If you include several exercises aimed at stretching and strengthening the muscle tissue of the back in your morning exercises, then after a short time a relief will begin to form. This type of training can be done at home without any sports equipment:

  • Shoulder blades – abduction/abduction . You need to clasp your hands together and lift them up above your head. Next, tension and relaxation of the back muscles are performed alternately, aligning and moving the shoulder blades apart. This exercise can be performed standing or sitting; it is important to feel how the muscles work. The speed is average, breathing is uniform, you will need to perform at least 10 - 12 repetitions.

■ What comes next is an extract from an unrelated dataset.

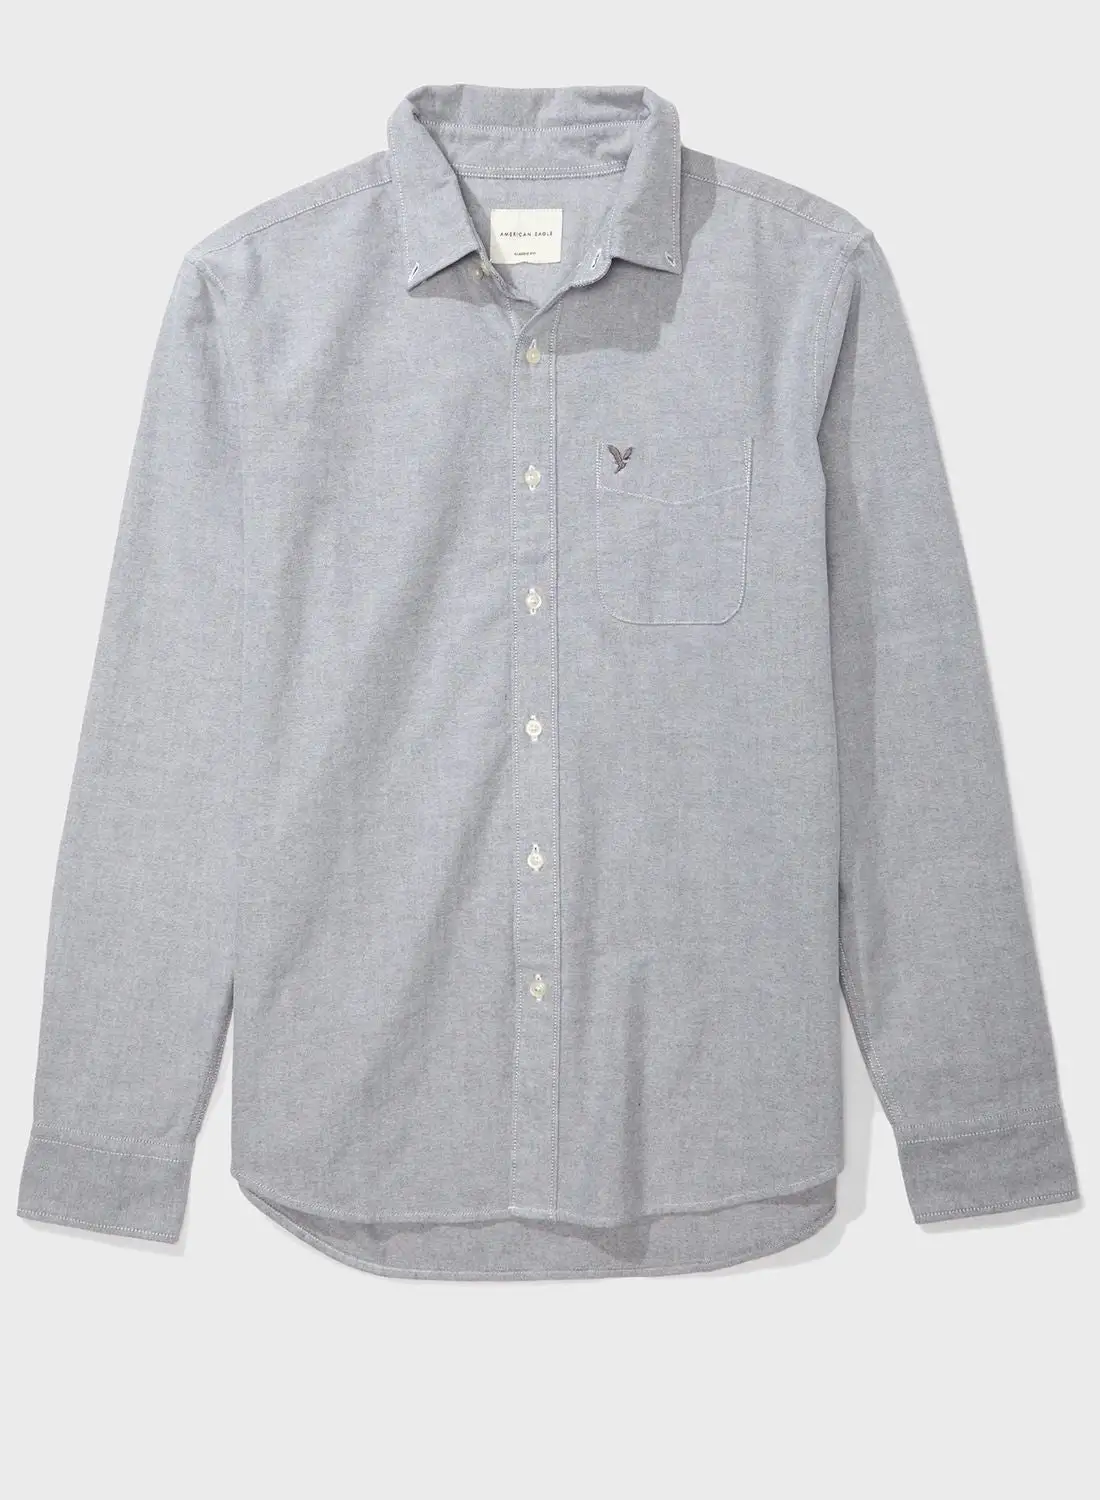 American Eagle Oxford Classic Fit Shirt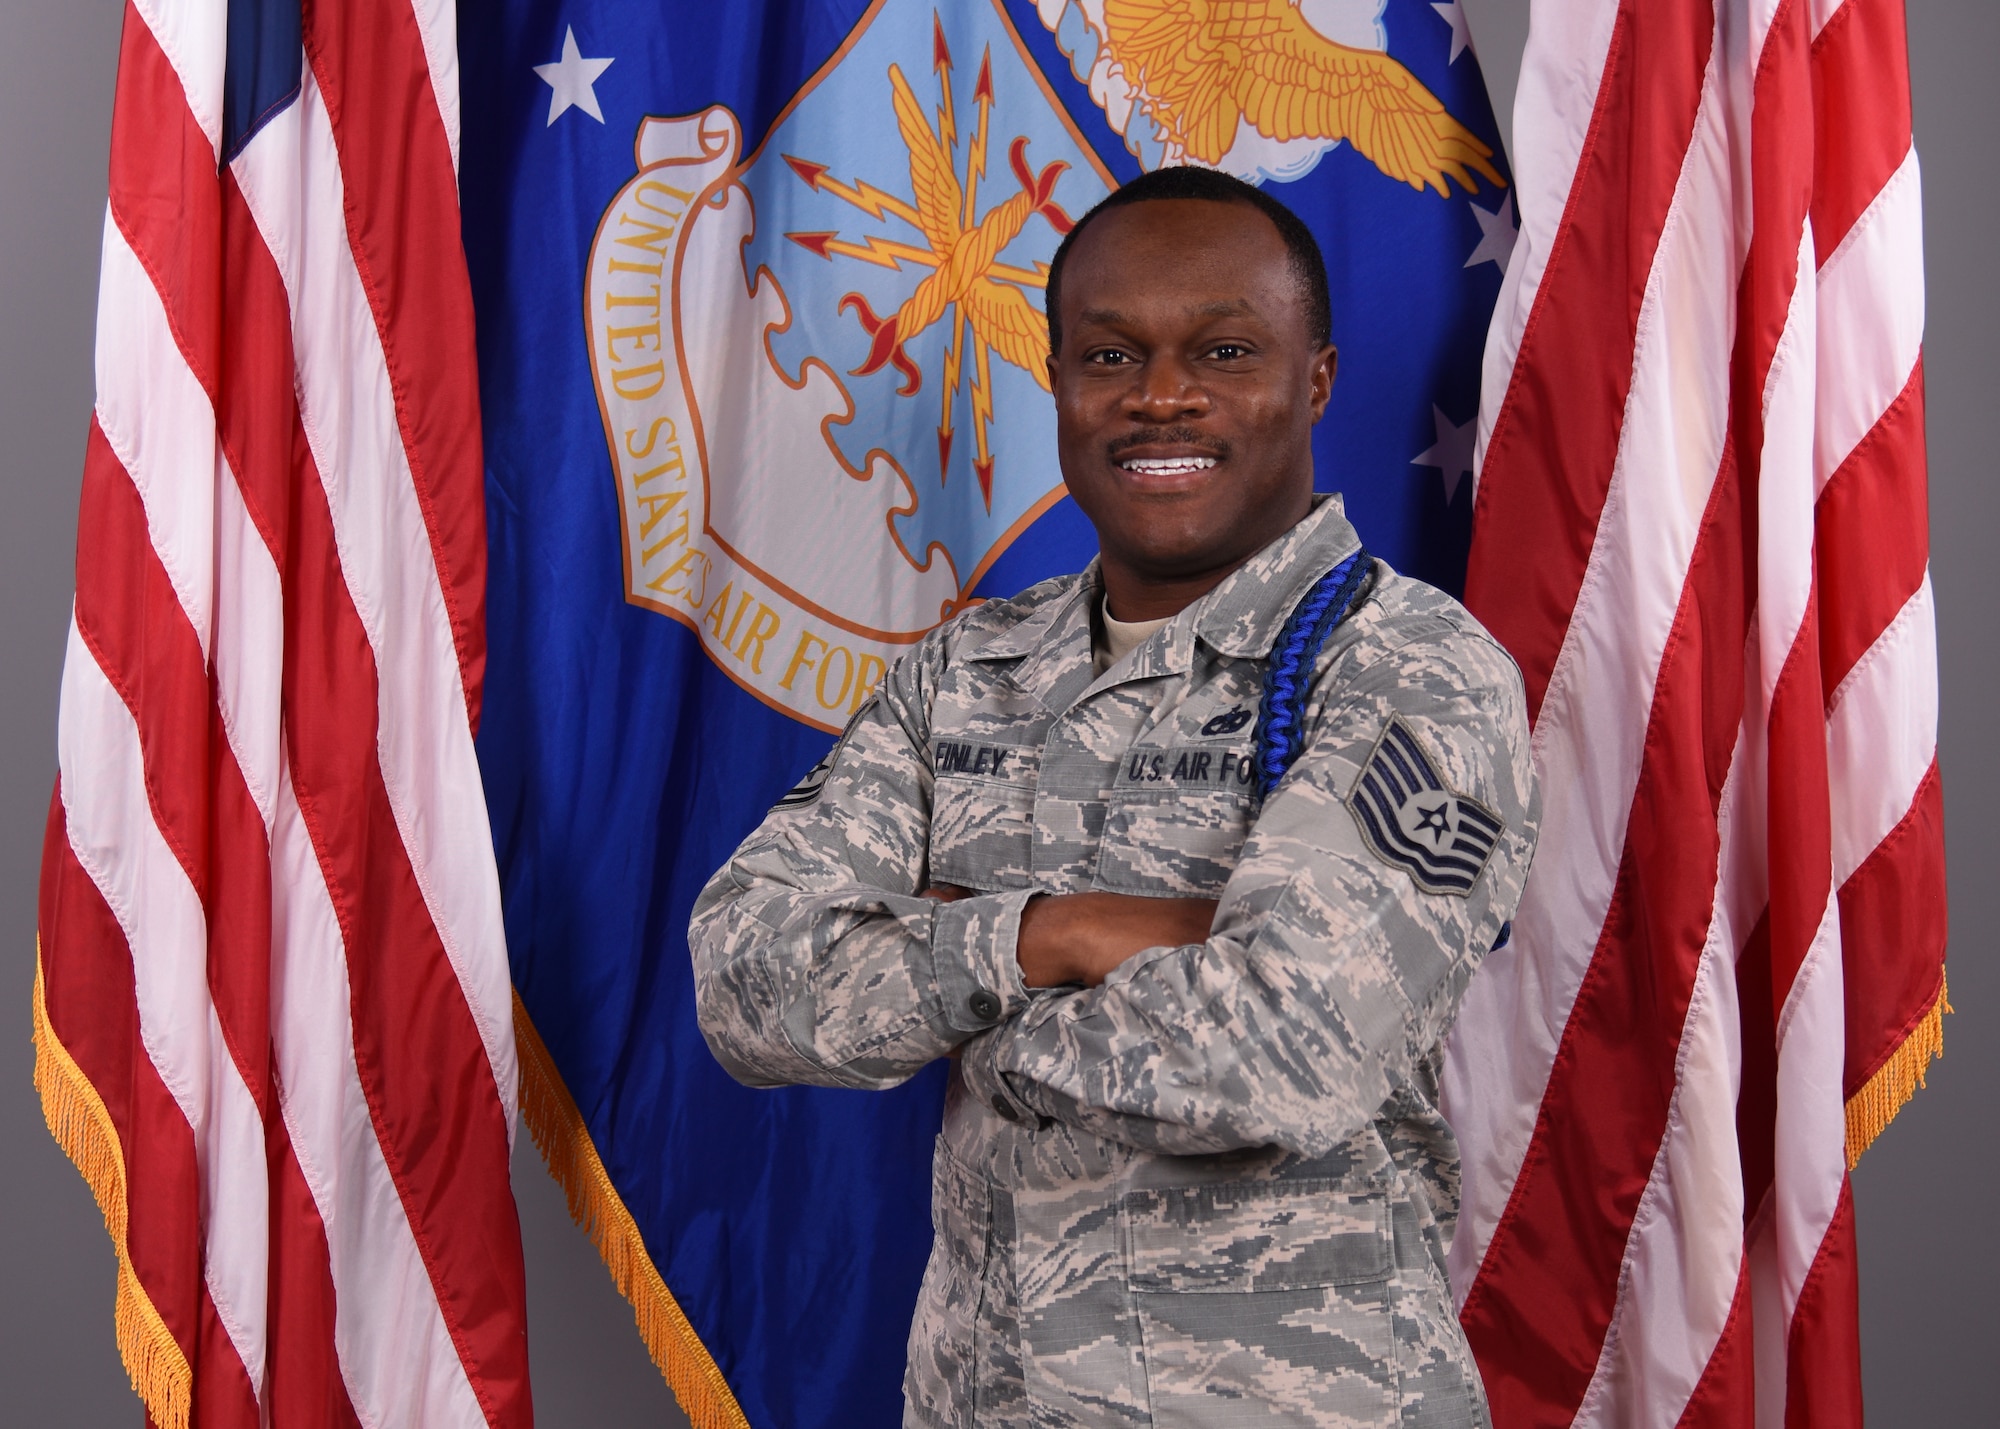 U.S. Air Force Tech. Sgt. Derwin Finley, 312th Training Squadron assistant flight chief and master military training leader, displays his new royal and dark blue colored aiguillette in the 17th Training Wing Public Affairs photo studio on Goodfellow Air Force Base, Texas, Feb. 12, 2020. The aiguillette physically distinguishes Finley as a beacon to mentor, train and lead not only technical training students, but other MTLs. (U.S. Air Force photo by Airman 1st Class Abbey Rieves)

  • Cat style bends . A simple exercise that is aimed at developing flexibility of the spine and at the same time stretching the latissimus dorsi muscle. Stand in such a way that the emphasis is on your knees and palms, while taking a deep breath, arch your back like a wheel, freeze for a few seconds and exhale deeply, bending your back down and lifting your head up.
  • The exercise is performed slowly, calmly and smoothly; at least 10 repetitions must be performed.
  • "Boat" . Lie on your stomach, stretch your arms forward, and simultaneously lift your upper body and feet with your shins. When you rise, you need to stretch your arms and legs - you will feel strong muscle tension in the lower back. Repeat 3 - 5 times at a slow pace.

  • Hyperextension . The starting position does not change, the arms are extended along the body. You need to slowly lift your upper body up, lowering your head down, and hold for a few seconds. Repeat 3 times, but without sudden movements.
  • Plank . Take a lying position on your stomach, then rise and rest your hands and elbows on the floor, the lower part of your body rises on your toes. As a result, the body takes the form of a straight line, in which you need to freeze for 30 seconds - the muscles are tense, the breathing is even. This is followed by a 30 second relaxation period. At least 3 repetitions must be performed.

If you perform these exercises as a separate set or add them to your morning exercises/daily workout, your back muscles will strengthen, fat deposits will disappear, and the skin in the lumbar area will smooth out.

We recommend reading about proven exercises to remove “lugs” on your hips. From the article you will learn about the reasons for the appearance of “ears”, effective exercises, nutrition, wraps and massage. And here is more information about exercises for losing weight in your arms.

Home complex for beginners

So, in order for a girl to lose weight in her arms and shoulders, she needs to perform special exercises. In this case, heavy shells are completely unnecessary. Your own weight and a pair of light dumbbells are enough. The following items are suitable for home training.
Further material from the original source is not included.